概要
湿地とは、一時的あるいは常時を問わず、水に浸かるか水分の含有が非常に多い土壌のこと。
湿地と聞くといわゆる湿原や沼地などがイメージされがちだが、実際には湿原や沼のみならず、池や河川、地下水系、更には干潟や藻場、珊瑚礁などの浅海域も含む概念である。
水鳥の繁殖地となったり独自の植生が見られたり、陸地と水域を繋ぎ養分の供給を担ったり、生物多様性にとって極めて重要な地形である。
現在では多くの人々が生活する関東平野や大阪平野にも、かつては氾濫原からなる広大な湿地帯があったとされる。
古事記などに記される日本神話において地上が「葦原の中つ国」と称されたのも、葦の生い茂る湿地帯がいたるところに広がっていた日本古来の風景を反映したものではないかと考えられている。
上述の通り、自然環境にとって重要な役割を持つが、経済的に無価値とみなされやすく、浅く平坦で埋め立てしやすい地形が多いため、干拓や埋め立て、最近ではソーラーパネル建設用地などの対象になりがちで多くの湿地が失われている。
また、治水対策による護岸整備などによる影響も深刻である。
湿地帯の破壊による影響とみられるものの一例を挙げると、塩性湿地である干潟の代表的な生物であるアサリは、生息地の劣化や減少によって漁獲量が昭和末期の1割以下に激減しており、国内需要のほとんどを中国や朝鮮半島からの輸入に頼っている。同様に日本各地に生息していたハマグリも有明海と周防灘の僅かな範囲を除いて絶滅に近い状態であり、市場に出回るものは殆どが食味の異なるチョウセンハマグリやシナハマグリなどの代替品である。
このように、本来ならば当たり前に採れるはずのものが海外から買わざるを得ない状態になり富の流出を招いたり、当たり前に嗜まれていた味覚が失われて他のものしか選べなくなるなど、湿地環境の劣化は経済的にも文化的にもスリップダメージのように地味に負の影響を与えていると考えられる。
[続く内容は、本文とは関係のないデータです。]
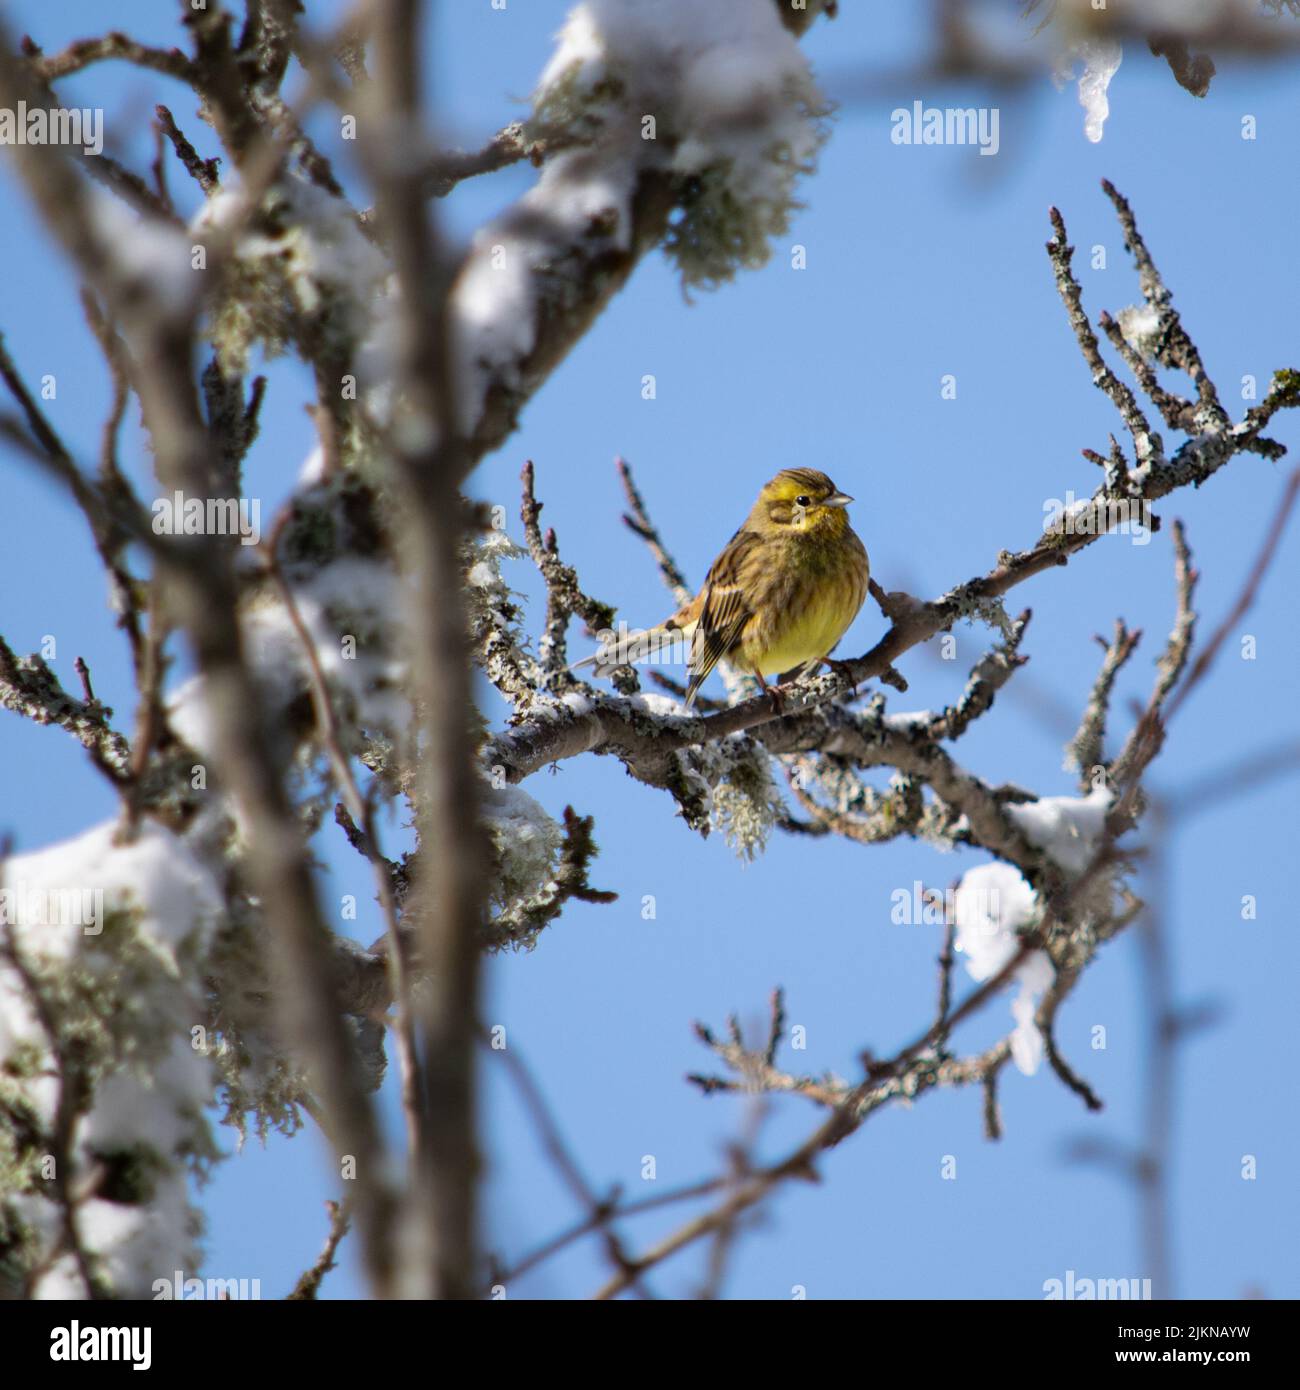 Un primer plano de una avena ordinaria de color amarillo brillante sentada en una rama de árbol en invierno. Foto de stock

治水や経済活動は人類が生きていく上で欠くべき事の出来ない重要な事であり必ず必要なものであるが、湿地帯が人類にもたらしている物もまた目に見えにくいものの意外と大きいため、出来うる限り両者が両立しうる施策、工法の採用が望まれる。
創作における湿地
創作における湿地の描写は、殆どの場合、湿地の中でも沼地や湿原と呼称されるものに限定されている。こうした泥々でジメジメとした沼地や湿原のイメージから、「毒沼」「瘴気」などのギミックや、グロテスクなモンスターや毒持ち、アンデッドなどの生理的嫌悪感を催させる魔物の徘徊するなどの設定がなされる事が多い。
とりわけデモンズソウルの腐れ谷は病やスラムなど湿地の負の側面を凝縮した色んな意味でゲーム史上最低最悪のダンジョンの一つである。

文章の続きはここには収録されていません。